Conversely, if a droplet is of poor quality, its ERCC read count apttern may deviate significantly from the expected distribution, resulting in a lower posterior predictive likelihood. This provides a principled way to identify and filter out low-quality cells in downstream analysis.
Model implementation
We first implement a Bayesian as below.
- Parameters declared in block “model” will not be saved in fit$draws.
functions {
vector repeat_vector(vector input, int K) {
int N = rows(input);
vector[N*K] repvec; // stack N-vector K times
for (k in 1:K) {
for (i in 1:N) {
repvec[i+(k-1)*N] = input[i]; // assign i-th value of input to i+(k-1)*N -th value of repvec
}
}
return repvec;
}
vector rep_each(vector x, int K) {
int N = rows(x);
vector[N * K] y;
int pos = 1;
for (n in 1:N) {
for (k in 1:K) {
y[pos] = x[n];
pos += 1;
}
}
return y;
}
}
data {
int<lower=0> N; // total number of data point. n_gene * n_cell
int<lower=0> n_gene;
int<lower=0> n_cell;
vector[N] total_count_per_cell;
vector[n_gene] x;
array[N] int y;
}
parameters {
vector<lower=0>[n_gene] reciprocal_sqrt_phi;
real alpha;
real beta;
real<lower=0> sigma;
vector[n_gene] log_q;
}
transformed parameters {
vector[N] log_mu; // N = n_gene * n_cell
vector[N] phi;
log_mu = repeat_vector(log_q, n_cell) +
log(total_count_per_cell);
phi = repeat_vector(1/square(reciprocal_sqrt_phi), n_cell);
}
model {
alpha ~ normal(0,10);
beta ~ normal(-10,10);
sigma ~ normal(0, 10);
reciprocal_sqrt_phi ~ normal(0, 10);
log_q ~ normal(alpha + beta * x, sigma);
y ~ neg_binomial_2_log(log_mu, phi);
}
Compute log-likelihood of testing dataset
We simulate bad-quality cells by shuffling read count values of 10 randomly picked ERCC transcripts.
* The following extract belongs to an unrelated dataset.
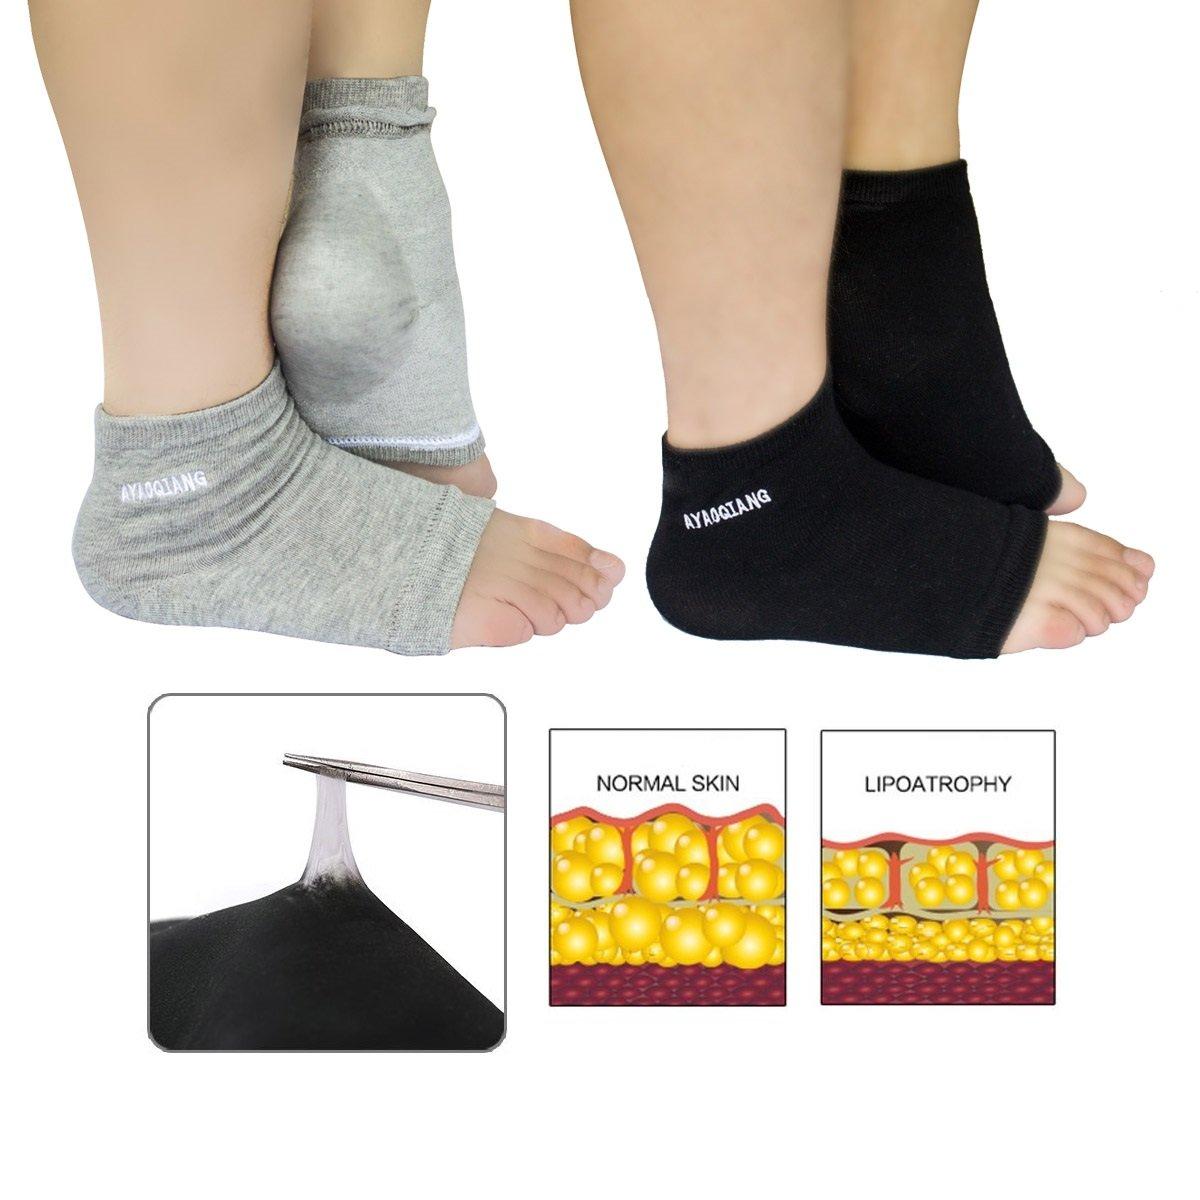 AYAOQIANG Gel Heel Socks Open Toe Socks for Dry Hard Cracked Skin Moisturizing Day Night Care Skin,Gel to Heal Dry Cracked Heels -2 Pair(Black and Grey)

We then compute their point-wise log-likelihood for each cell in the testing data, which contains 400 good cells and 100 bad cells. Likelihood computation is done with cmdstanr’s standalone generated quantities method, using Stan code as below:
functions {
vector repeat_vector(vector input, int K) {
int N = rows(input);
vector[N*K] repvec; // stack N-vector K times
for (k in 1:K) {
for (i in 1:N) {
repvec[i+(k-1)*N] = input[i]; // assign i-th value of input to i+(k-1)*N -th value of repvec
}
}
return repvec;
}
vector rep_each(vector x, int K) {
int N = rows(x);
vector[N * K] y;
int pos = 1;
for (n in 1:N) {
for (k in 1:K) {
y[pos] = x[n];
pos += 1;
}
}
return y;
}
}
data {
int<lower=0> N; // total number of data point. n_gene * n_cell
int<lower=0> n_gene;
int<lower=0> n_cell;
vector[N] total_count_per_cell;
vector[n_gene] x;
array[N] int y;
}
parameters {
vector<lower=0>[n_gene] reciprocal_sqrt_phi;
real alpha;
real beta;
real<lower=0> sigma;
vector[n_gene] log_q;
}
transformed parameters {
vector[N] log_mu; // N = n_gene * n_cell
vector[N] phi;
log_mu = repeat_vector(log_q, n_cell) +
log(total_count_per_cell);
phi = repeat_vector(1/square(reciprocal_sqrt_phi), n_cell);
}
generated quantities {
vector[n_cell] log_lik;
real log_q_log_lik;
log_q_log_lik = normal_lpdf(log_q | alpha + beta * x, sigma);
for (n in 1:n_cell) {
log_lik[n] = neg_binomial_2_log_lpmf(y[((n-1)*n_gene+1):n*n_gene] |
log_mu[((n-1)*n_gene+1):n*n_gene],
phi[((n-1)*n_gene+1):n*n_gene]) + log_q_log_lik;
}
}
We see a very distinct difference between log-likelihood of good cells vs bad cells.